I was looking through some code and i saw this:
<xsl:variable name="newlist" select="concat(normalize-space($开发者_Python百科list), ' ')" />
I'm just wondering with just this info, can i safely say for sure that $list is a string
and normalize-space($list)
will definitely return me a string
and the line concat(normalize-space($list), ' ')
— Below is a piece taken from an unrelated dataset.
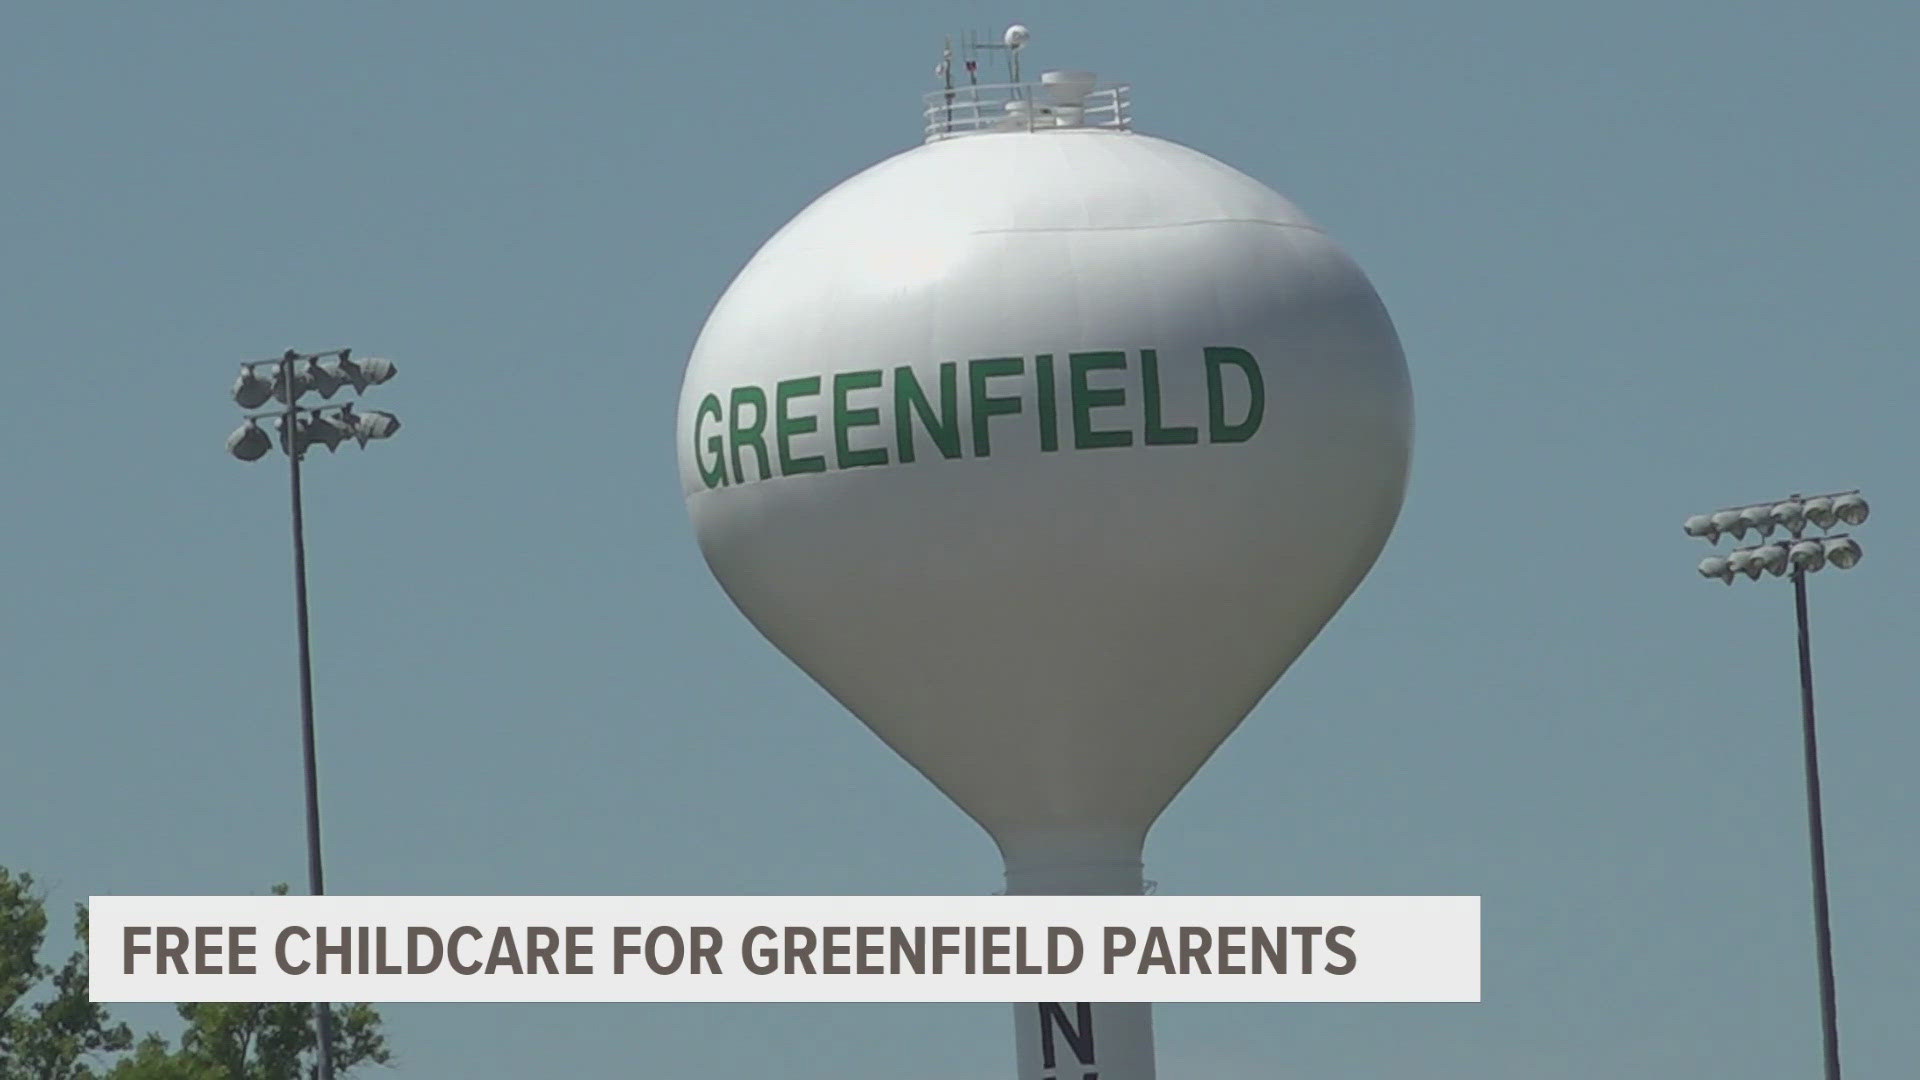 With residents picking up the pieces of Greenfield, an organization is providing free child care to local parents.

will definitely return me a string
(and the last character of that string is a space?)
$list
could be a string, a number, a node set, anything. The result will be a string. And yes, the last character will be a space.
For instance:
<xsl:stylesheet version="1.0" xmlns:xsl="http://www.w3.org/1999/XSL/Transform">
<xsl:output omit-xml-declaration="yes"/>
<xsl:template match="/">
<xsl:variable name="node">
<node>
<subnode>string</subnode>
<subnode>otherstring</subnode>
</node>
</xsl:variable>
<xsl:variable name="string" select="concat($node,' ')"/>
<xsl:value-of select="string-length($string)"/>
<xsl:value-of select="substring-before($string,' ')"/>
</xsl:template>
</xsl:stylesheet>
returns
18stringotherstring
I think you can safely assume this will return a string but you can't say for sure that $list is a string as normalize-space will attempt to convert to a string first. eg.
<xsl:value-of select="concat(normalize-space(13), ' ')"/>
Will work.
More info on concat and normalize-space.
Also note that this could fail if $list
is set incorrectly, such as
<xsl:variable name="list" select="12 34" />
So you can never really safely assume it will work without seeing the rest of the code.